**What is being asked:** Since the pictures are not wanted, retype the listing below exactly and without them.
*** Opening of Data excerpt ***
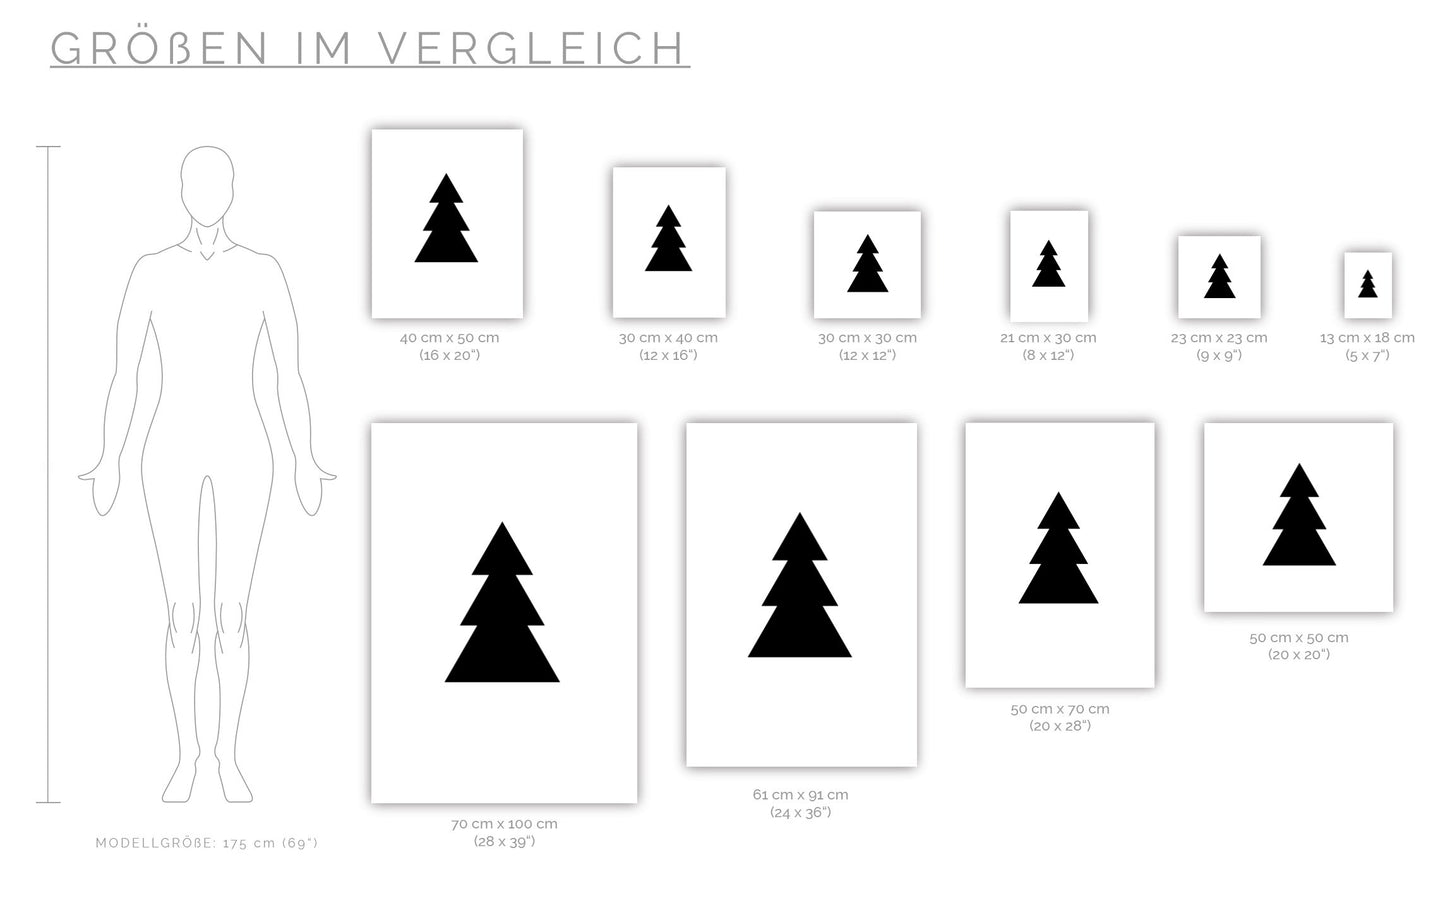 Poster Limited Edition: Tree #3
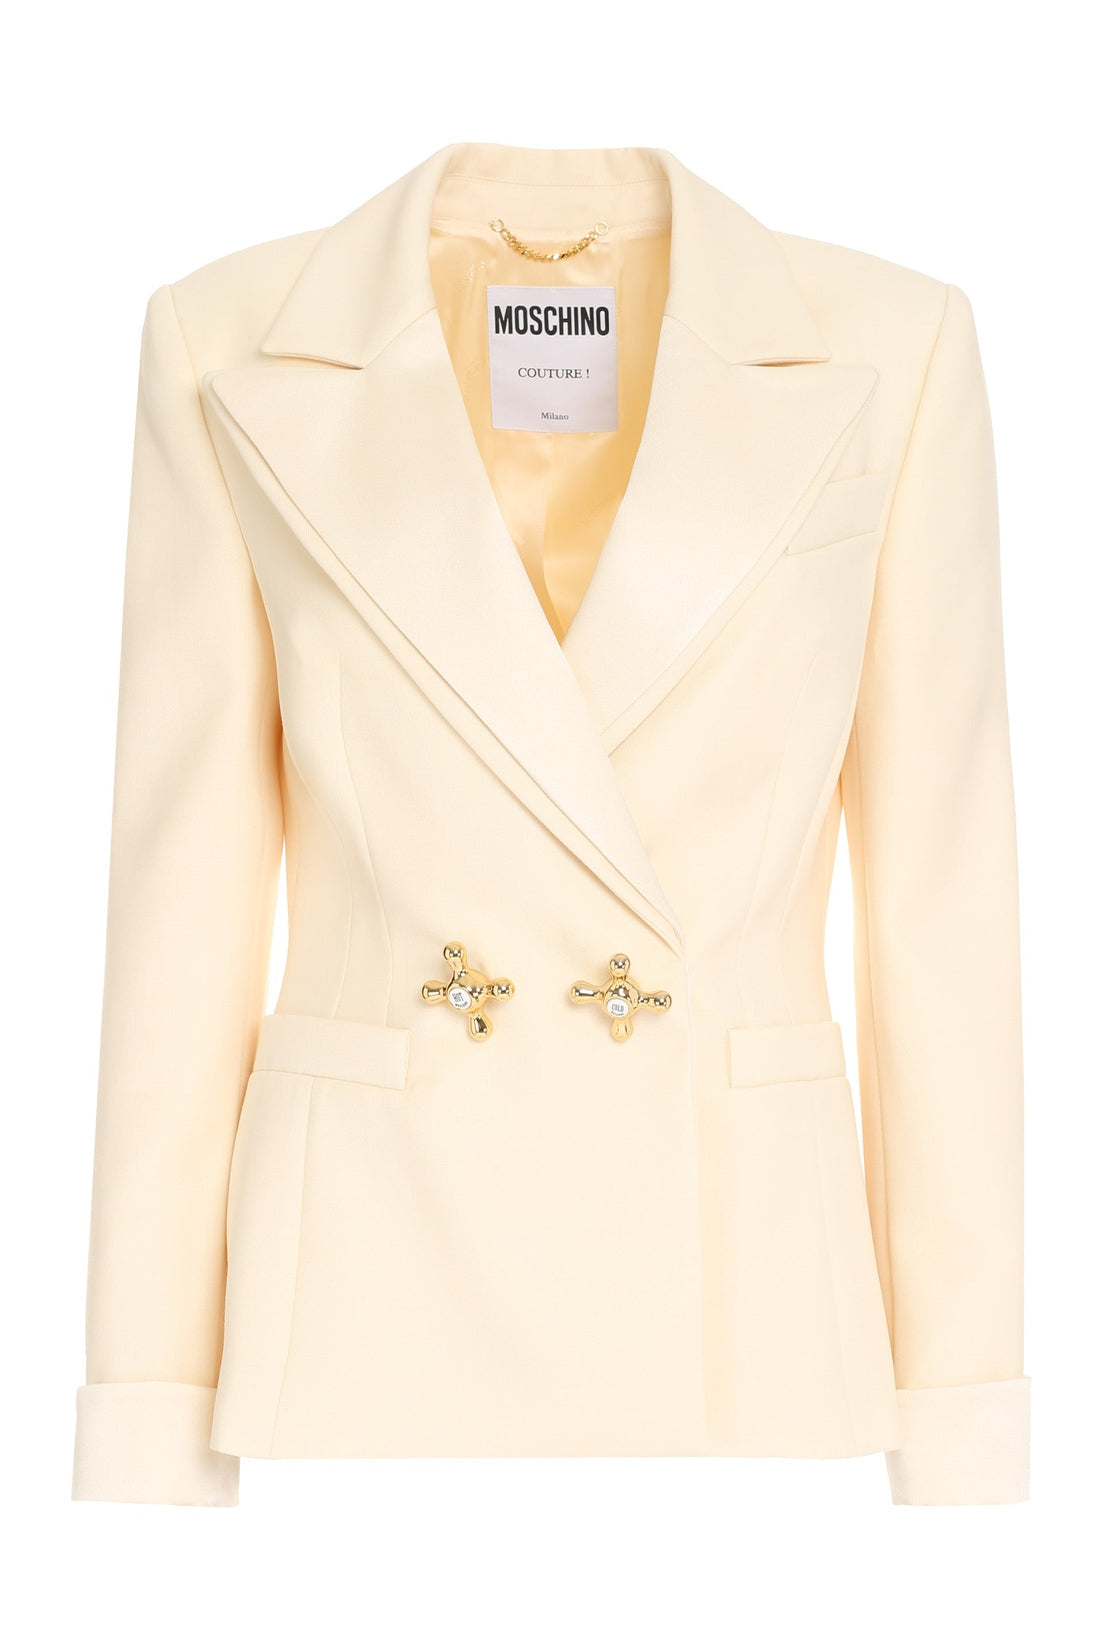 Moschino-OUTLET-SALE-Double-breasted wool blazer-ARCHIVIST
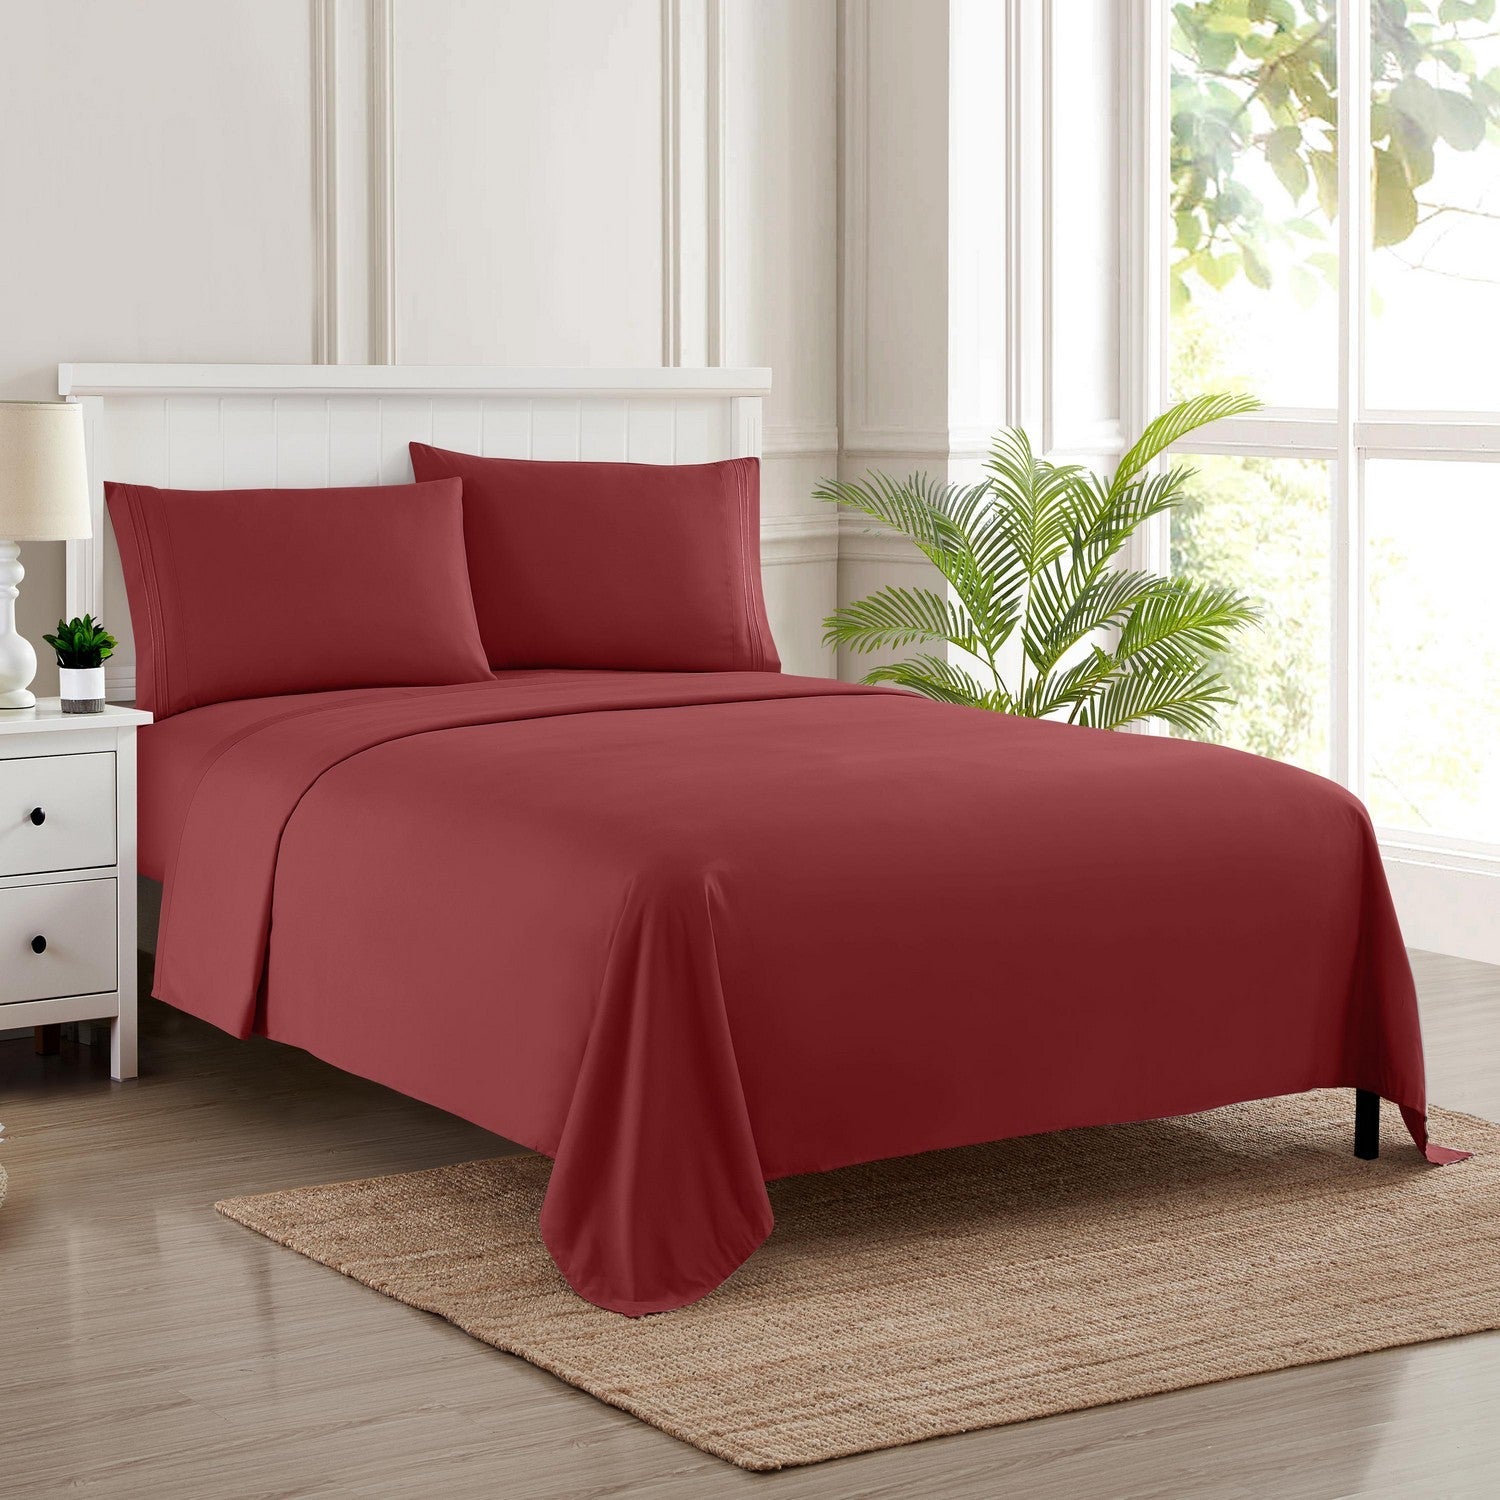 Classic 4-Piece Bed Sheet Set (Burgundy) - Bed
*** Close of Data excerpt ***
**Response to this task:**
 Poster Limited Edition: Tree #3
 Moschino-OUTLET-SALE-Double-breasted wool blazer-ARCHIVIST
 Classic 4-Piece Bed Sheet Set (Burgundy) - Bed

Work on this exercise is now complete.